While the kits are a relatively small part of the emergency relief, sustainable development, and refugee services that CWS provides worldwide, the small packages are a boon to people caught in the throes of disaster. Practical kit gifts meant a lot to the self esteem of children affected by Hurricane Katrina in Louisiana, for example. Following hurricanes Katrina and Rita, CWS sent $110,000 in school kits to badly damaged schools in Louisiana and Mississippi. At Forked Island-E. Broussard School in Abbeville, La., principal Chris St. Romain said that even five months after Katrina hit, colorful bags filled with school supplies for his students–more than half of whom were qualifying for free lunches even before the hurricane–were “a practical and welcome treat. The school kits from Church World Service meant a lot to our kids’ sense of self-esteem,” he said.

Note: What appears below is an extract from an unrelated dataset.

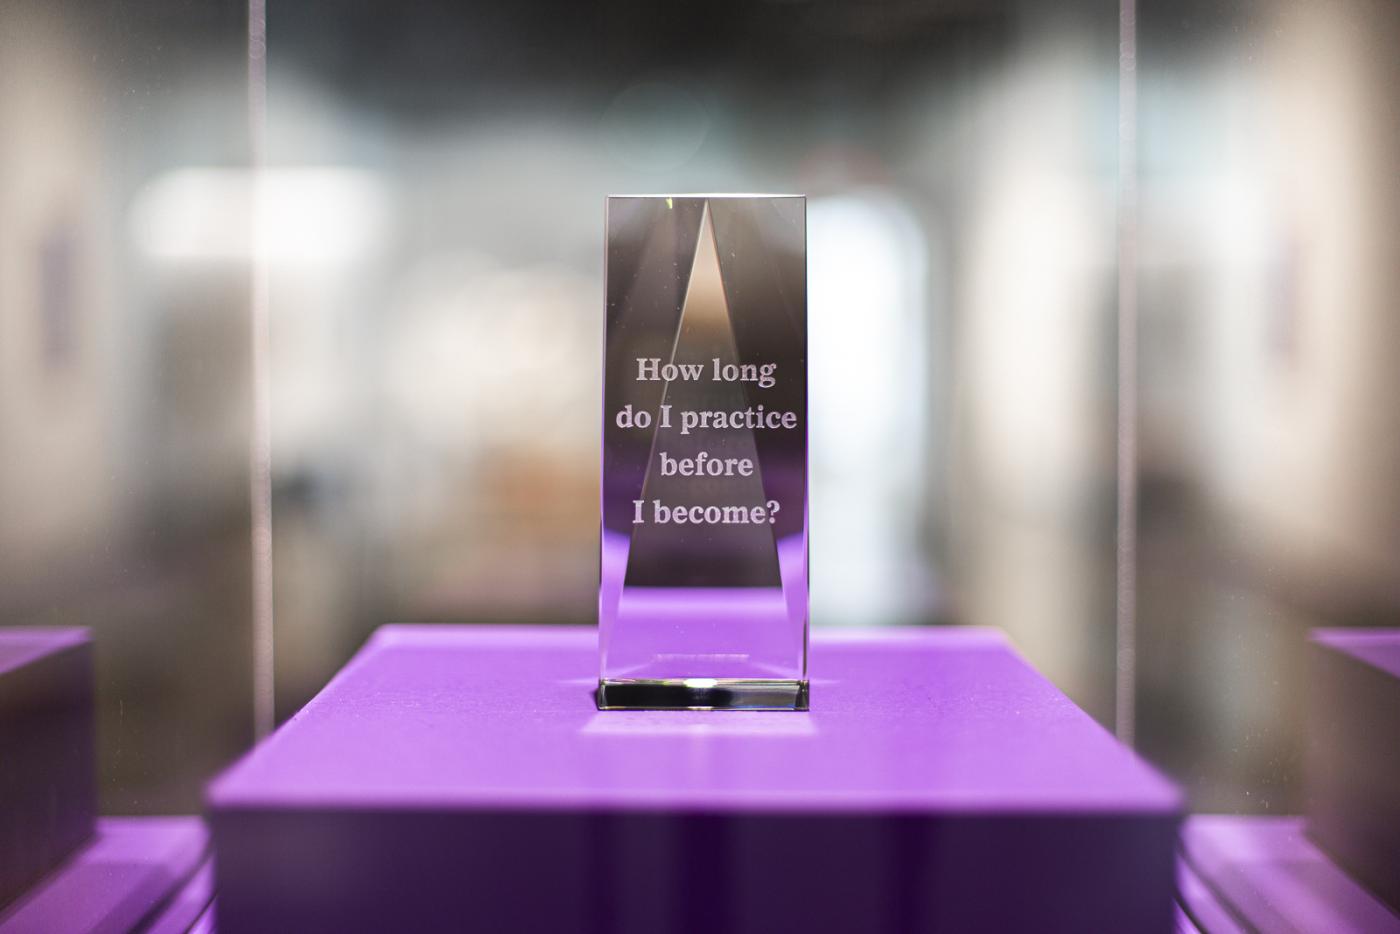 a trophy is displayed in a glass case with a purple bottom. the trophy reads "How long do I practice before I become?"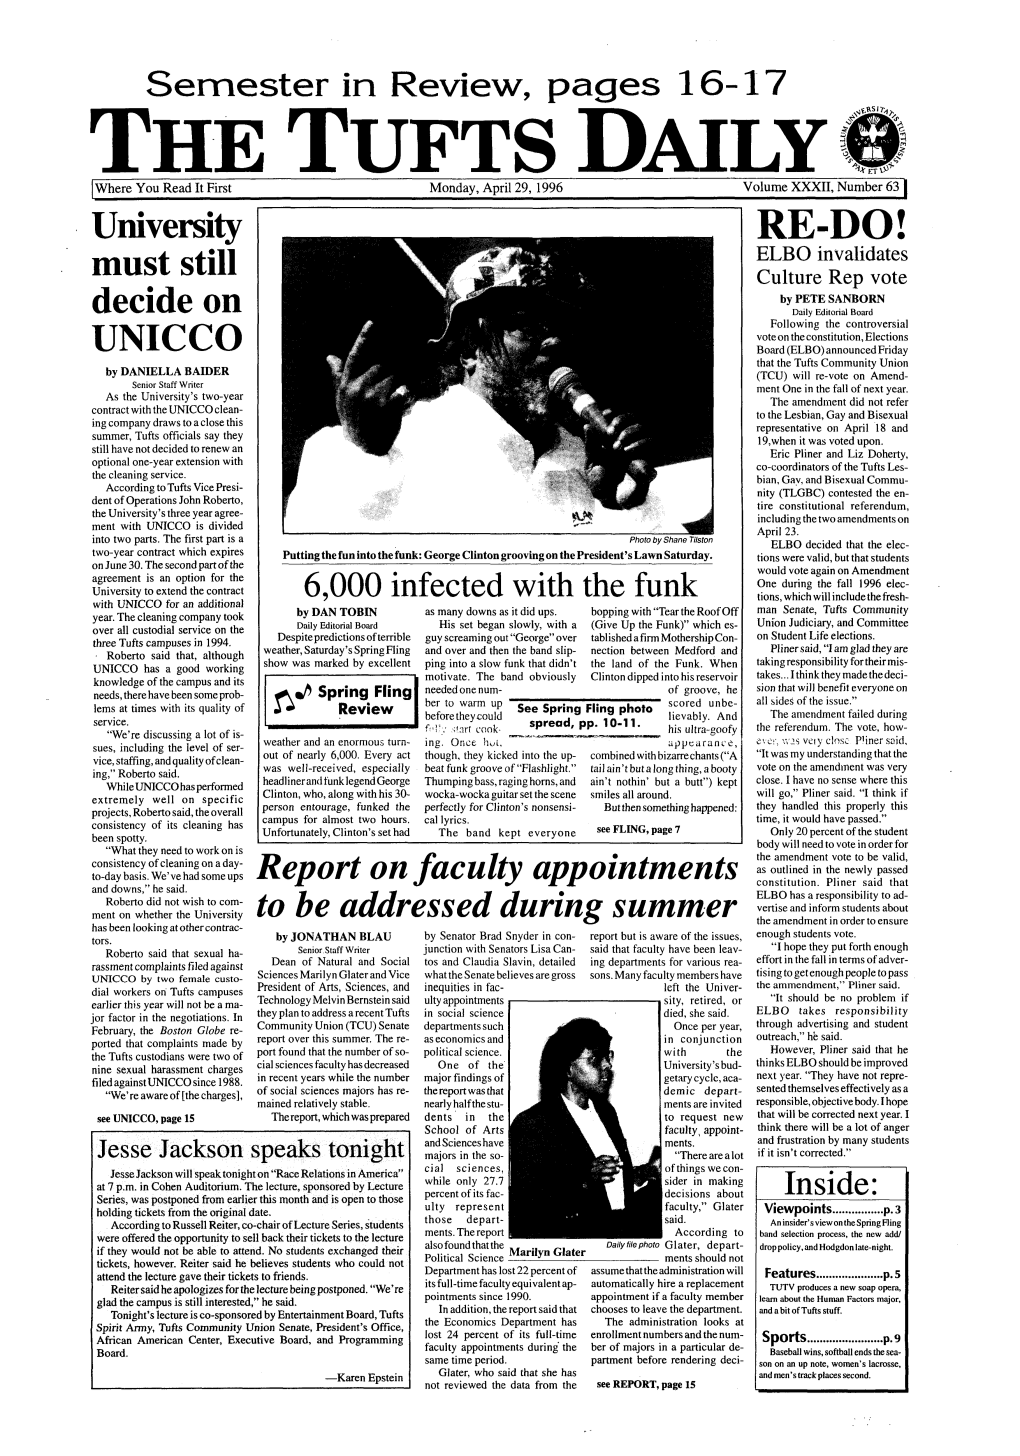 THE TUFTS DAILY Monday, April 29,1996 the TUFTSDAILJ Letters to the Editor Visit” in Last Thursday’S Viewpoints Sec- Jessica N

Each Church World Service school kit is a $13 value, and the agency asks that contributors separately send $2 per kit for processing and shipping. Individuals and groups may find specific contents, packaging, and shipping instructions for the kits at www.churchworldservice.org/kits/school-kits.html. Find out about possible CWS kit drop-off locations and collection schedule deadlines in your by calling 888-297-2767.

 


The Church of the Brethren Newsline is produced by Cheryl Brumbaugh-Cayford, director of news services for the Church of the Brethren General Board. This article is excerpted from a release from Church World Service. Newsline stories may be reprinted if Newsline is cited as the source. To receive Newsline by e-mail go to http://listserver.emountain.net/mailman/listinfo/newsline. Submit news to the editor at cobnews@brethren.org. For more Church of the Brethren news and features, subscribe to “Messenger” magazine; call 800-323-8039 ext. 247.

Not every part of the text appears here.